## DATA EXCERPT
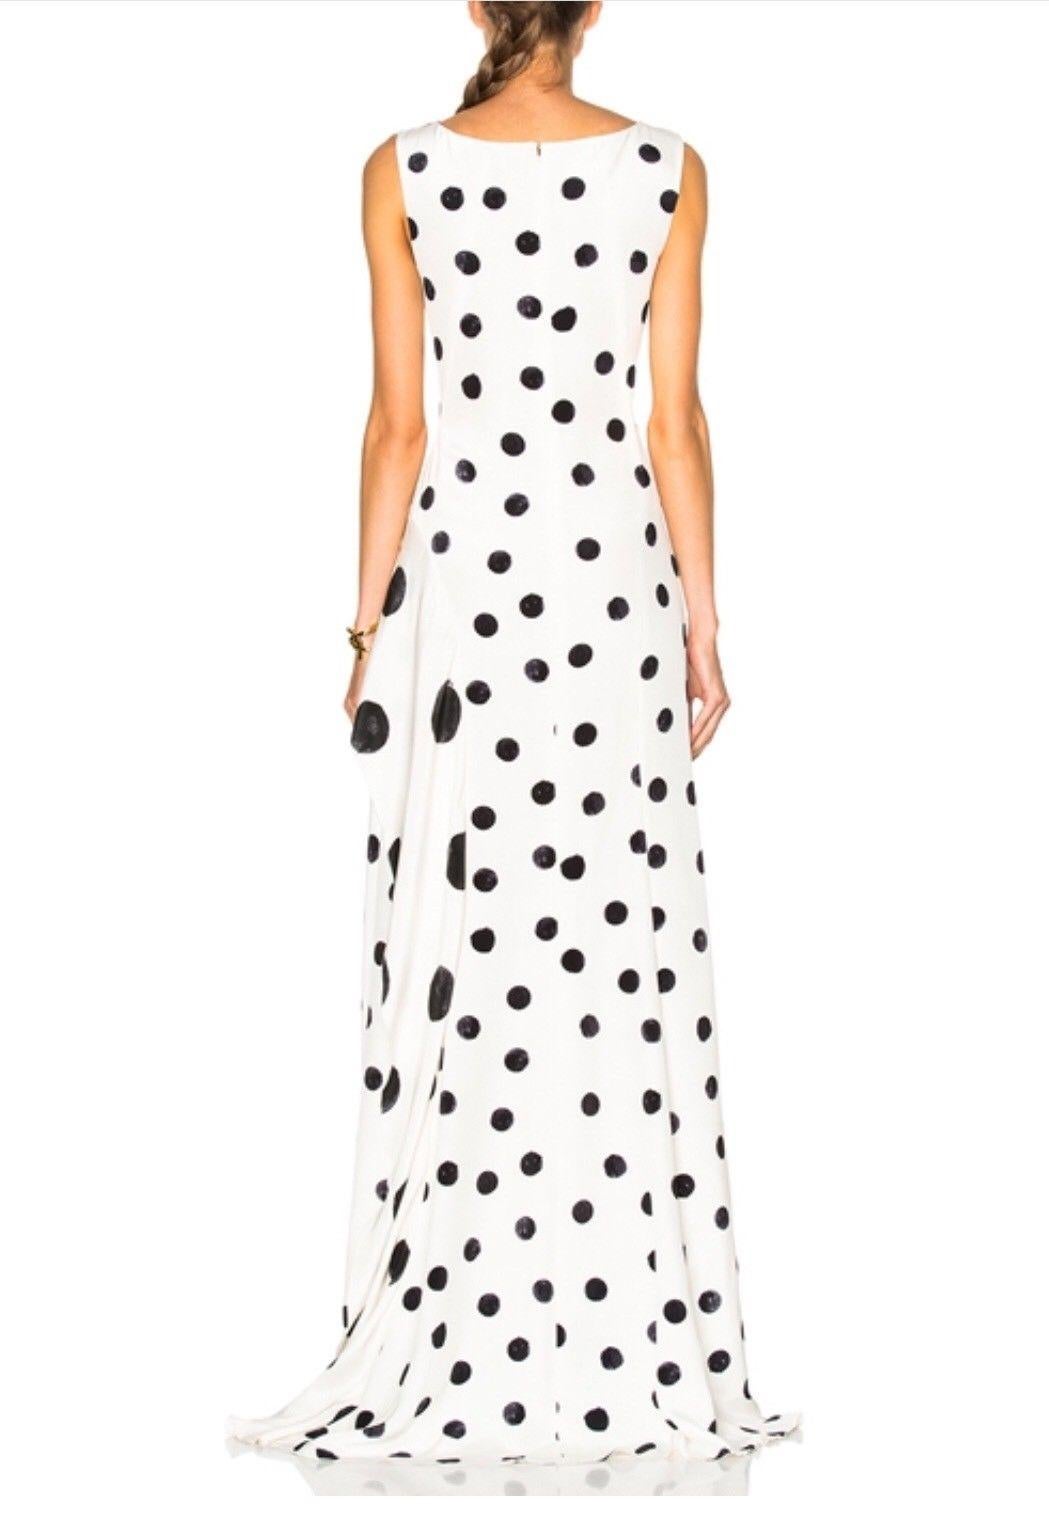 New Oscar De La Renta White Polka Dot Silk Crepe Tiered Skirt Dress Gown size 4 For Sale 2
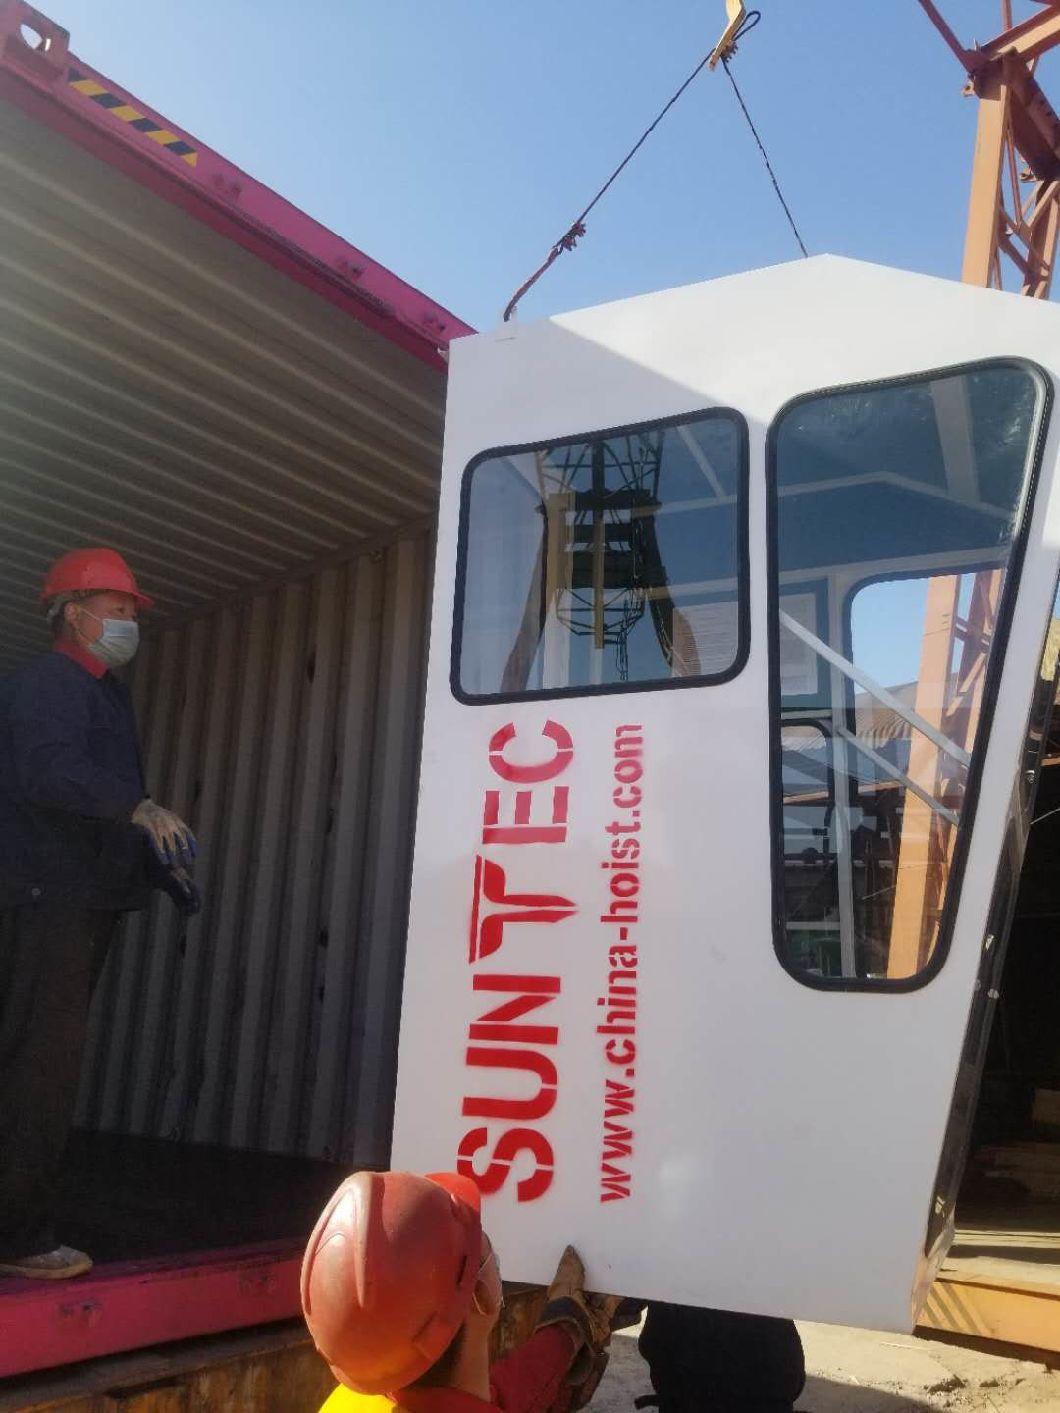 Suntec High Quality Qtz Series Construction Tower Crane, Qtz80 Max Lifting Capacity 8 Tons
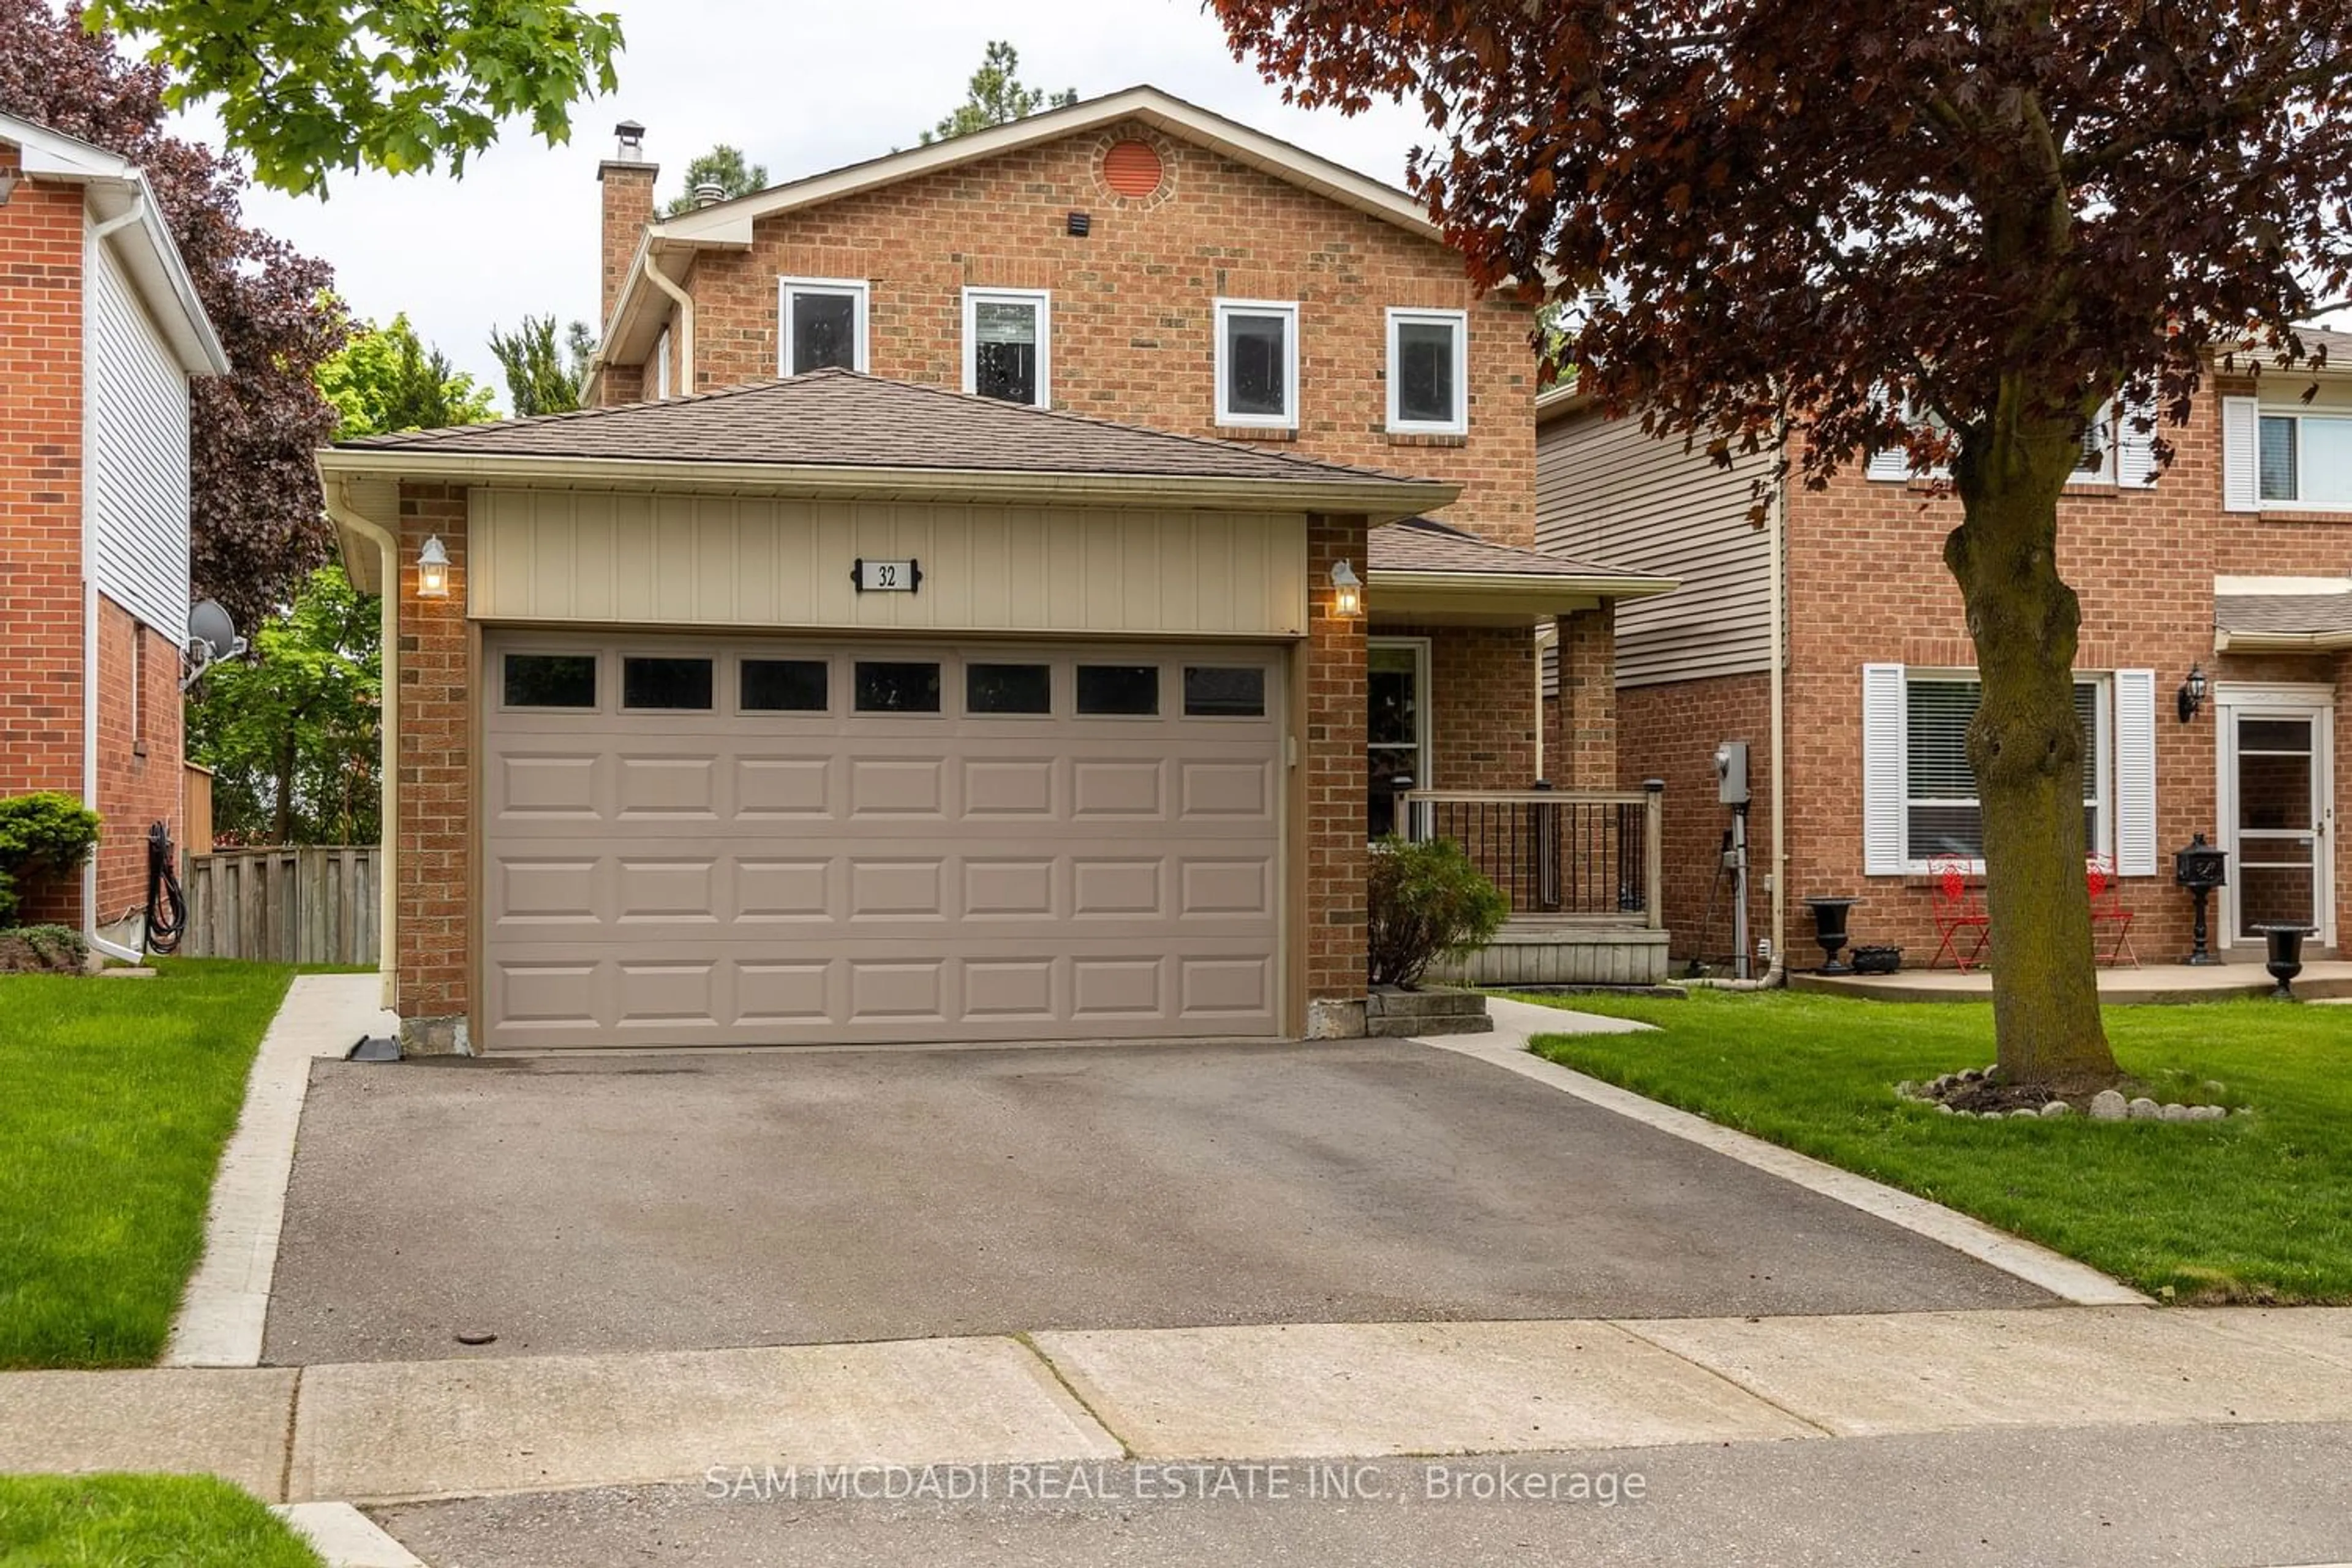 Home with brick exterior material for 32 Cassander Cres, Brampton Ontario L6Z 1Z2

## TRY IT
Could you give all of the data again exactly as written, omitting any pictures?

## TASK ANSWER
 New Oscar De La Renta White Polka Dot Silk Crepe Tiered Skirt Dress Gown size 4 For Sale 2
 Suntec High Quality Qtz Series Construction Tower Crane, Qtz80 Max Lifting Capacity 8 Tons
 Home with brick exterior material for 32 Cassander Cres, Brampton Ontario L6Z 1Z2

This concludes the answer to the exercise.